Chances are by now you’ve either organized or attended an online event you might not have prior to the pandemic.
In LinkedIn’s Best Practice Guide for Events, they mention…
65% of B2B marketers are planning to reallocate some or most of their live event budgets to online events due to Covid-19.
The types of online events marketers are either promoting or executing themselves have expanded in variety in the last year-plus.
Companies are choosing virtual now more than ever for everything from community-building events like panel discussions, interviews and Q&As to workshops, product launches, and full-fledged conferences.
In the midst of that, LinkedIn has come alongside to support this trend with new products and features on their platform that support the promotion and hosting of online events.
This of course makes a ton of sense for their platform because event marketing is great for mid-funnel lead generation. You might even find that 10-20% of the companies that attend your event become new clients. It can be well worth the effort.
Once you create an event on your LinkedIn company page, you can then use Event Ads to expand awareness and drive more attendees.
What Event Ads are
LinkedIn’s Event Ads are a newer form of Sponsored Content. The difference from a typical Sponsored Content post is the event ad pulls in the important details for your event to promote to Paid audiences of your choice.
Here’s a look at the visual example LinkedIn provided…
If you choose, you have the option to use LinkedIn Live. That allows you to live stream to your audience and it will notify attendees automatically when you go live.
To use the feature, you do need to leverage one of LinkedIn’s integrated third-party broadcast tools that allow you to stream to an event page.
You can utilize third-party streaming software other than LinkedIn Live as well. Once you integrate one of the third-party broadcasting tools, you can paste the live stream link into the Broadcast field in the event. This allows you to broadcast with streaming tools like Zoom, Webex or OBS.
You do have the option of using a registration form to collect names and emails from people who sign up for your event. This will likely cut down on the number willing to attend, but can be more valuable in the long run as you are able to work those leads.
If you’re promoting a ticketed event, you can add a link to an external website. Make sure to make it ultra-clear that attendees need to have a ticket.
The first thing to know is you’ll need to have Super admin, Content admin or Sponsored Content Poster access on the LinkedIn company page. If you are not the Company Page admin, you’ll have to get that person to create the event on the page.
When you go to create the campaign, you’ll need to choose between the Brand awareness, Website visits, or Engagement objectives for your campaign. Your choice here just depends on the nature of your event and audience, as well as what you’re trying to accomplish.
You’ll select the Single Image Ad format and add your event URL to the destination URL when setting up your creatives.
The LinkedIn Marketing Team shared a helpful short whitepaper that outlines basic strategies they use to promote B2B events. We’ve found these strategies have worked for us as well.
The main baseline strategy we’ve used is running Sponsored Content in tandem with Sponsored Message ads. When you do this, it tends to increase Click-through Rates on your Sponsored Message Ads because many people that receive your message in their LinkedIn inbox have already been made aware of the event when they saw your Sponsored Content Ad in their feed.
Also, Sponsored Message Ads tend to get higher Open and Conversion Rates than email in the professional world.
The LinkedIn team mentions that they like to use Dynamic Ads to drive the registration to the event after they’ve run other ad types. They say that this ad type is…
…a new product currently underutilized by event marketers but that the LinkedIn team swears by.
These are the ads that appear in the sidebar with the person’s profile image and another image representing your event (like the speaker) side by side with a call to action below it.
Here’s what LinkedIn’s senior marketing manager of demand generation said about this ad type…
Dynamic Ads help viewers really imagine themselves at your event, hearing or meeting your speaker.
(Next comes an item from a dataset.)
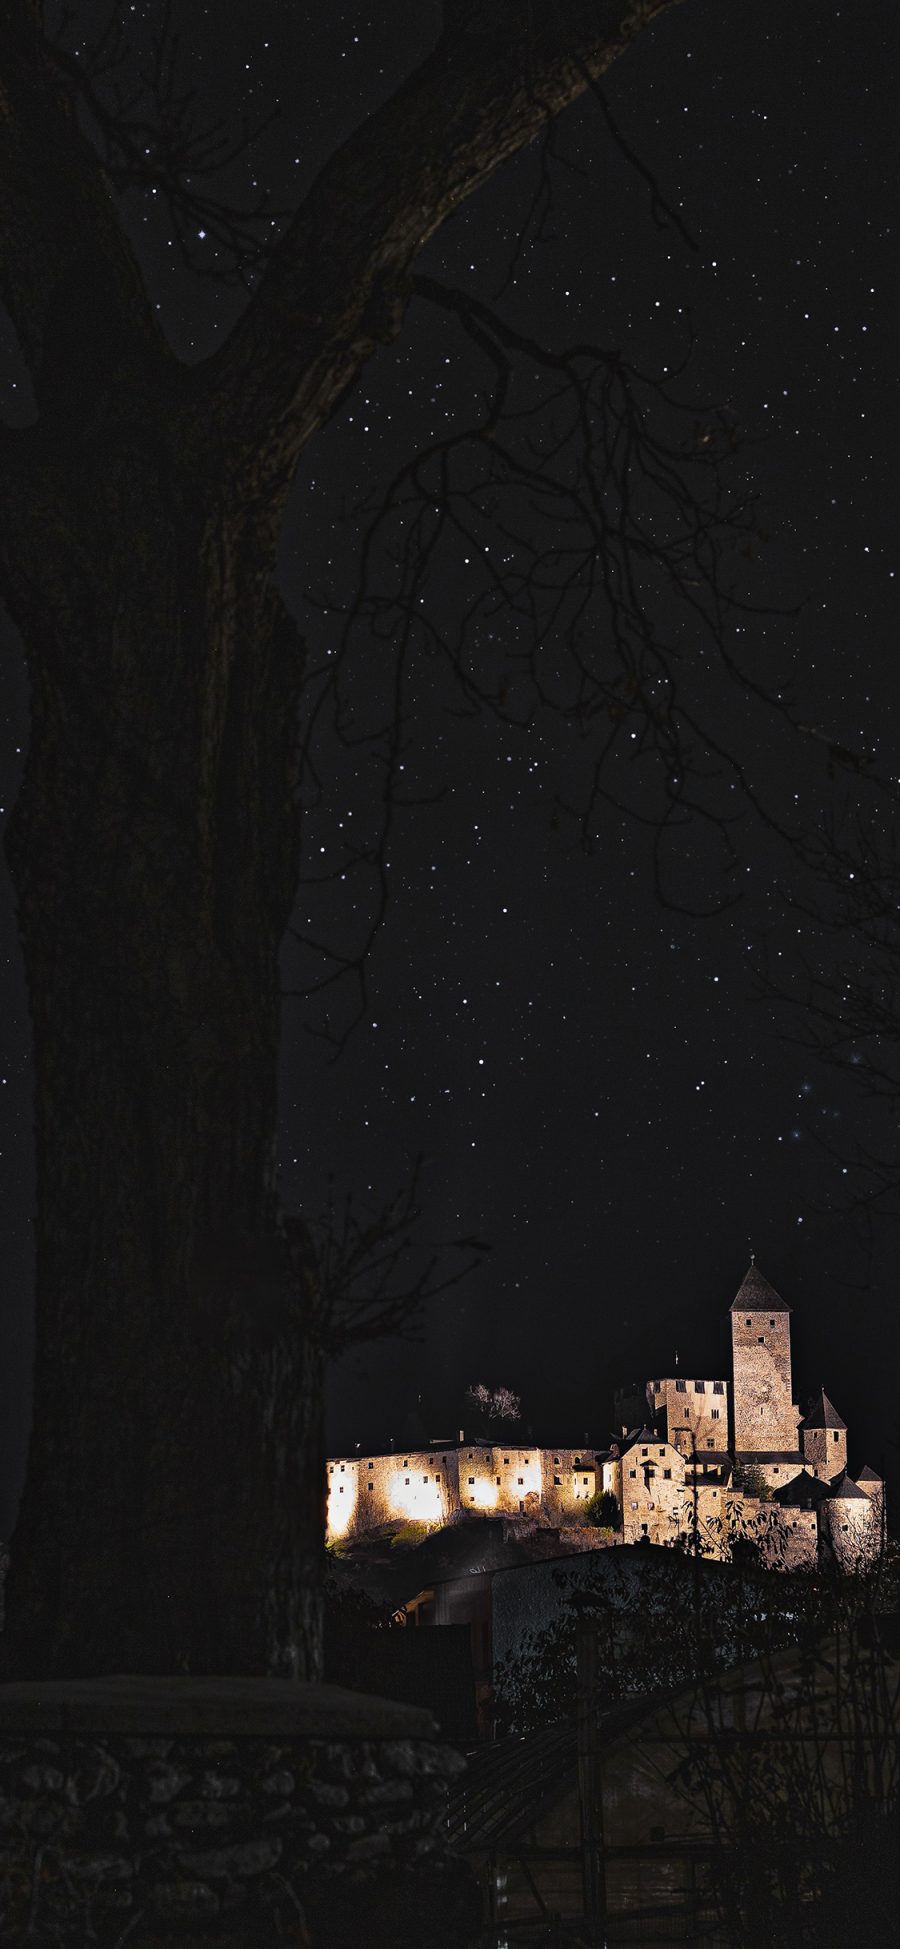 [2436×1125]夜景 星空 树木 建筑 苹果手机壁纸图片

It’s a new product that you can use to personalize the experience for your audience — so your message will really stand out.
It’s suggested to drive broad awareness with Sponsored Content first and then start Dynamic Ads maybe a week after.
We haven’t tried this approach yet, but plan to in the near future.
Once you start promoting your event, you can use LinkedIn’s event analytics tool to see metrics that signal success – like attendee/visitor engagement with your Event posts, total number of attendees, unique event visits, attendees’ top job functions and viewer count at the peak of a live stream. You’ll also be able to view the number of event registrations attributed to your ads in the reporting dashboard in Campaign Manager.